[Start of section]
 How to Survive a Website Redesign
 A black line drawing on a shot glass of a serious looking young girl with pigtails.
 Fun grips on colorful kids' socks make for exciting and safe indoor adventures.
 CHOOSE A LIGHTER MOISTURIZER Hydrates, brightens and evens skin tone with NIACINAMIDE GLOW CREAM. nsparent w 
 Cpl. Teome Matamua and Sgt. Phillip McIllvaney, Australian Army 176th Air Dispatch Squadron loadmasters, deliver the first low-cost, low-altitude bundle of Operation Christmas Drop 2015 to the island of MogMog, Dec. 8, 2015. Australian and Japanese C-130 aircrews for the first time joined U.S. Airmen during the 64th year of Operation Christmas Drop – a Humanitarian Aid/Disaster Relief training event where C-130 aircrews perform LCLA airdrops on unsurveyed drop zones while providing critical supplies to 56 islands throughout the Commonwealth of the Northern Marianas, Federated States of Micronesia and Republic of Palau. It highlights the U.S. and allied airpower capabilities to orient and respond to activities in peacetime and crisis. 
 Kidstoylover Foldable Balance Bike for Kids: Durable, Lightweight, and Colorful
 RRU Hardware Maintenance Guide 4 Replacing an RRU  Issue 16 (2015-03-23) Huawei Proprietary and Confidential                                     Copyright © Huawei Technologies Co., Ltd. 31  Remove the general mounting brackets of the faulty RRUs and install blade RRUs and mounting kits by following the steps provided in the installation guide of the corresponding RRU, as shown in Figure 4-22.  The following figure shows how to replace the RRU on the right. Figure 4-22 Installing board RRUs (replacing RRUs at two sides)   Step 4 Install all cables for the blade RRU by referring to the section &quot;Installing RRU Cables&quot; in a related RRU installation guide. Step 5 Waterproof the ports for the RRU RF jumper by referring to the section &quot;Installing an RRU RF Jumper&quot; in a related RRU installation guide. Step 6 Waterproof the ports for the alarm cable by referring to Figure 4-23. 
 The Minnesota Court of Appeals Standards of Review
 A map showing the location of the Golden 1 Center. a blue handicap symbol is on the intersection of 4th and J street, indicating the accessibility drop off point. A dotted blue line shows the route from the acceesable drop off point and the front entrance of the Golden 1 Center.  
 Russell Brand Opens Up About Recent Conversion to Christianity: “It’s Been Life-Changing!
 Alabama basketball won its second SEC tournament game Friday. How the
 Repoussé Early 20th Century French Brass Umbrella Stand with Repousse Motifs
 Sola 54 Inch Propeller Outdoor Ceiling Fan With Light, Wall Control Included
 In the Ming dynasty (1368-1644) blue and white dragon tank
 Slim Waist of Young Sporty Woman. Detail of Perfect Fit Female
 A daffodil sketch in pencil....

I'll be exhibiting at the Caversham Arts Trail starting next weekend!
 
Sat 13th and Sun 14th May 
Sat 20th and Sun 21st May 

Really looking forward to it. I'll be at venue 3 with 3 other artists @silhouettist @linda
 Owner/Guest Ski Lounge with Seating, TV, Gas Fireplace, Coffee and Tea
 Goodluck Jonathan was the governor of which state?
[End of section]
▶ **Assigned task**
For this task, write out exactly the lines of the entries above, starting at the line with "RRU Hardware Maintenance" and ending at the line with "A daffodil sketch in pencil....", both included, and no others.

▶ **Result below**
 RRU Hardware Maintenance Guide 4 Replacing an RRU  Issue 16 (2015-03-23) Huawei Proprietary and Confidential                                     Copyright © Huawei Technologies Co., Ltd. 31  Remove the general mounting brackets of the faulty RRUs and install blade RRUs and mounting kits by following the steps provided in the installation guide of the corresponding RRU, as shown in Figure 4-22.  The following figure shows how to replace the RRU on the right. Figure 4-22 Installing board RRUs (replacing RRUs at two sides)   Step 4 Install all cables for the blade RRU by referring to the section &quot;Installing RRU Cables&quot; in a related RRU installation guide. Step 5 Waterproof the ports for the RRU RF jumper by referring to the section &quot;Installing an RRU RF Jumper&quot; in a related RRU installation guide. Step 6 Waterproof the ports for the alarm cable by referring to Figure 4-23. 
 The Minnesota Court of Appeals Standards of Review
 A map showing the location of the Golden 1 Center. a blue handicap symbol is on the intersection of 4th and J street, indicating the accessibility drop off point. A dotted blue line shows the route from the acceesable drop off point and the front entrance of the Golden 1 Center.  
 Russell Brand Opens Up About Recent Conversion to Christianity: “It’s Been Life-Changing!
 Alabama basketball won its second SEC tournament game Friday. How the
 Repoussé Early 20th Century French Brass Umbrella Stand with Repousse Motifs
 Sola 54 Inch Propeller Outdoor Ceiling Fan With Light, Wall Control Included
 In the Ming dynasty (1368-1644) blue and white dragon tank
 Slim Waist of Young Sporty Woman. Detail of Perfect Fit Female
 A daffodil sketch in pencil....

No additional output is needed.